In all honesty, he's been avoiding Langdon since he came back from rehab. He almost can't look at him anymore.
When he's walking into the lounge and sees Langdon's tall body and dark hair near the table, he almost turns around and leaves. Except he left his fucking glasses on the counter while he was making his coffee this morning and he needs to chart before another trauma steals him away. It will be quick, in and out. He walks in and Langdon doesn't even look up. As Robby gets closer to the table, he finds that Mel King is sitting on top of it, mouth connected with Langdon's.
"What is this?" Robby announces into the quiet room. Langdon and Mel break apart and look at him.
"Hey, Robby." Langdon answers. He sounds wary. Good. He takes a step forward, like he's protecting Mel.
"I was not aware that this was something that was happening." Robby gestures between Langdon and Mel.
"Yeah, well, I would've told you months ago but you run at the sound of my voice, so I haven't really had the chance." Langdon crosses his arms over his chest, defensive. "HR already knows. Everyone already knows. Wouldn't want to give you another reason to throw me out."
"Oh, I'm sure I could find one." It sounds like a threat. Maybe it is.
Langdon sighs and whispers to Mel, "Hey, baby, can you give us a minute? Yes, I'm okay. I'll be right out." He grabs her hand and leaves a kiss on her knuckles before she walks out, shutting the door behind her.
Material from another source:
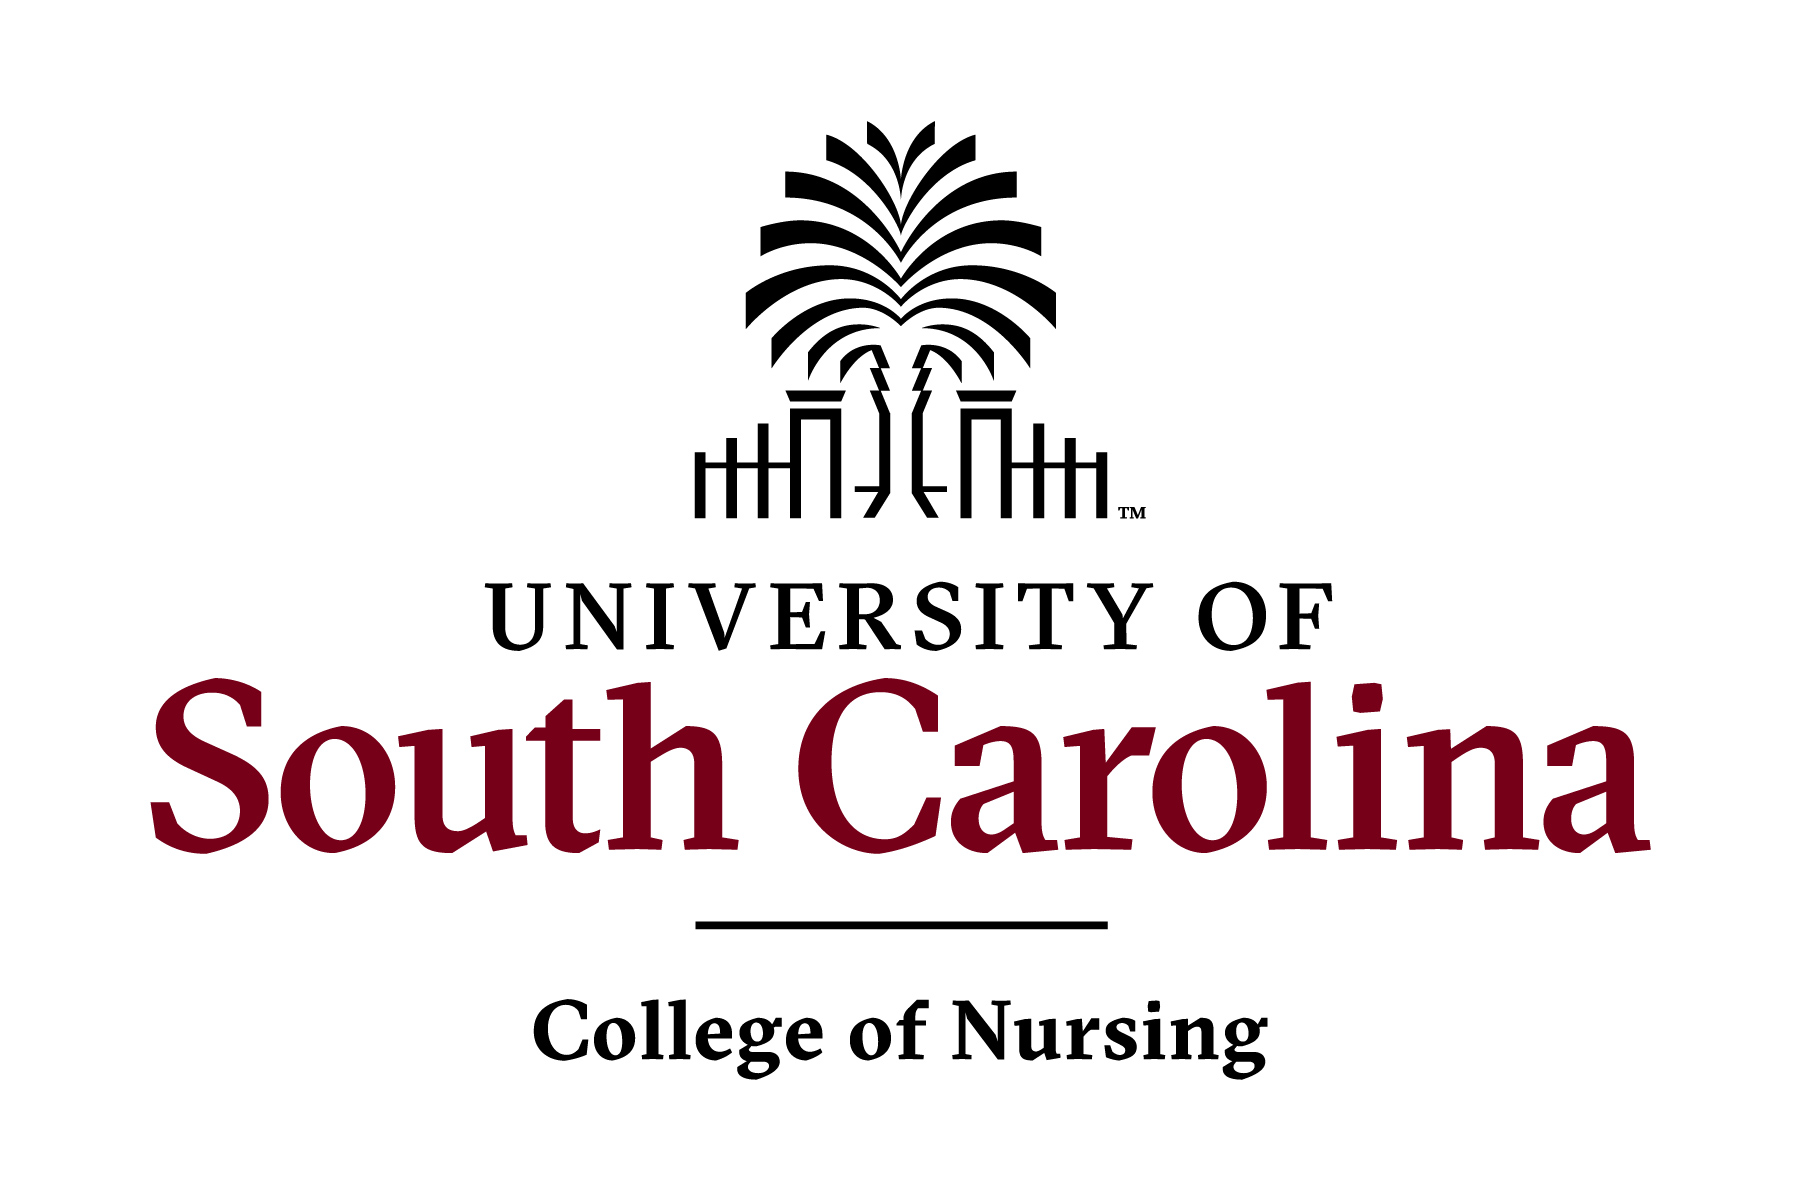 University of South Carolina College of Nursing - Exhibitor

Langdon turns back to Robby. "I don't know what you want from me, Robby. I've done it all. I went to rehab, I go to NA, I do your drug tests, I got a therapist, I've apologized to every fucking person in this department. Including you! Multiple times! And I worked my ass off to come back, and it was really fucking hard. I never complained because you were right, it was exactly what I needed. I've been clean for over a year, I've been been back in the Pitt for months and I've done a fucking good job. I am a good doctor. We both know it. So, what the fuck is left to do for you to finally forgive me?" The question hangs in the air. Robby refuses to answer, refuses to look at him. "Let me know when you figure it out."
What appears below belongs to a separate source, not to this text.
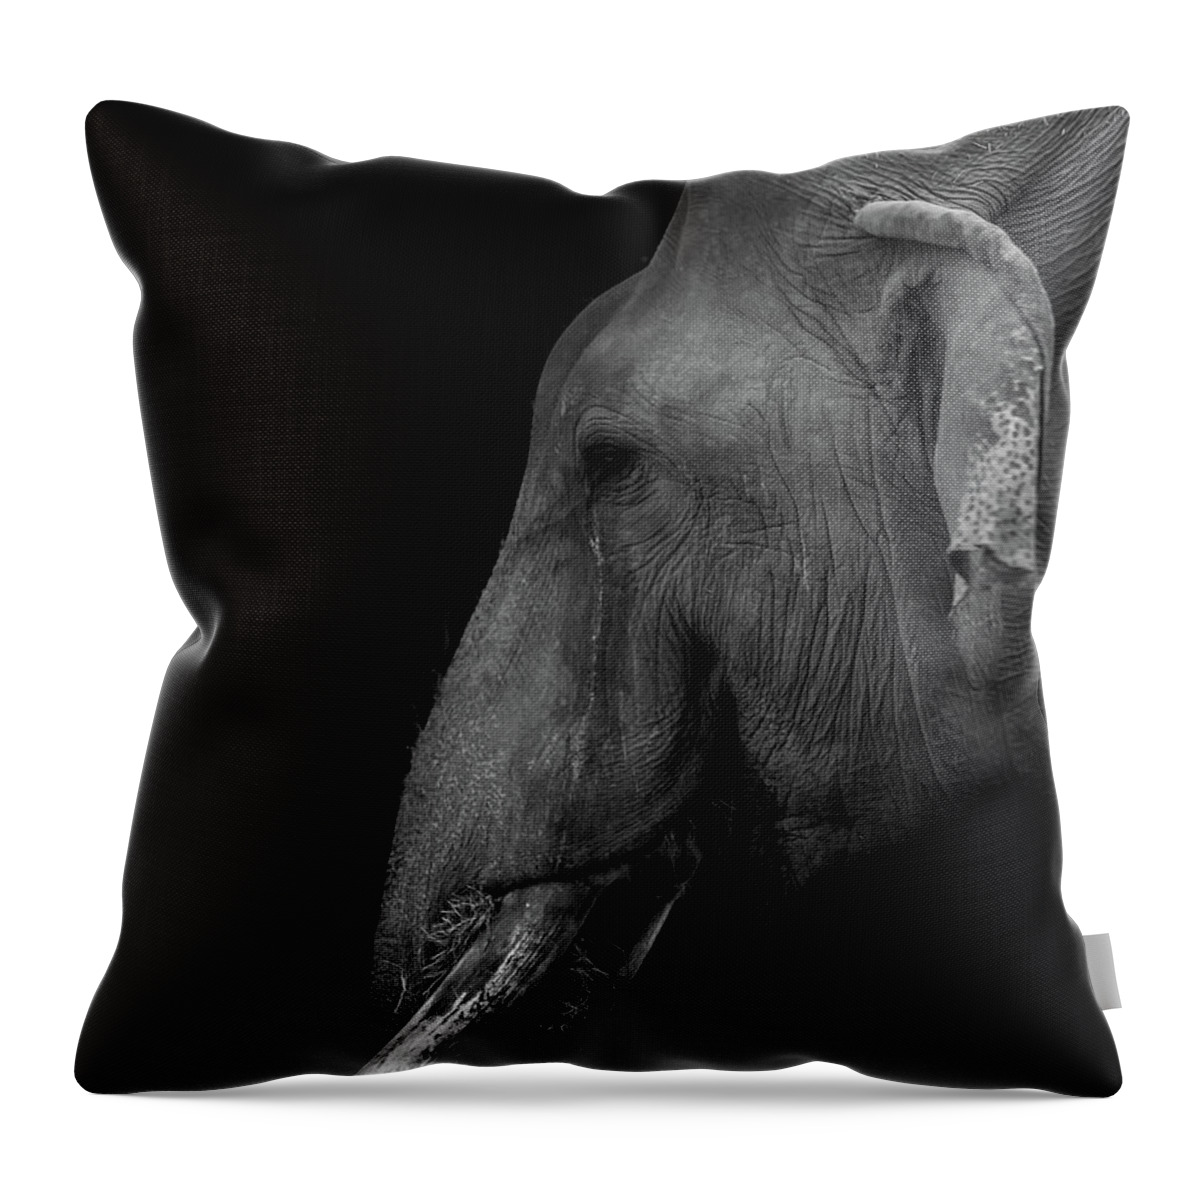 Elepant Throw Pillow featuring the photograph Asian Elephant by Jaime Mercado

Langdon says it with a finality. He drops his arms and walks out of the room, not bothering to shut it behind him. Mel is waiting outside the door, concern written all over her face. Robby watches them from the lounge.
Robby hears her soft mumble of "hey, you okay?" and she pulls Langdon down into her arms. It's awkward-Langdon is much taller-but they fit together like puzzle pieces all the same. Langdon nods, face hidden in Mel's neck. Mel pets his hair and holds him for as long as he needs.
When Langdon pulls away, he kisses Mel one last time before muttering "I love you."
Mel replies "I love you," in return, and they walk off to whatever patient needs their care.
Fuck. Maybe Robby needs a therapist.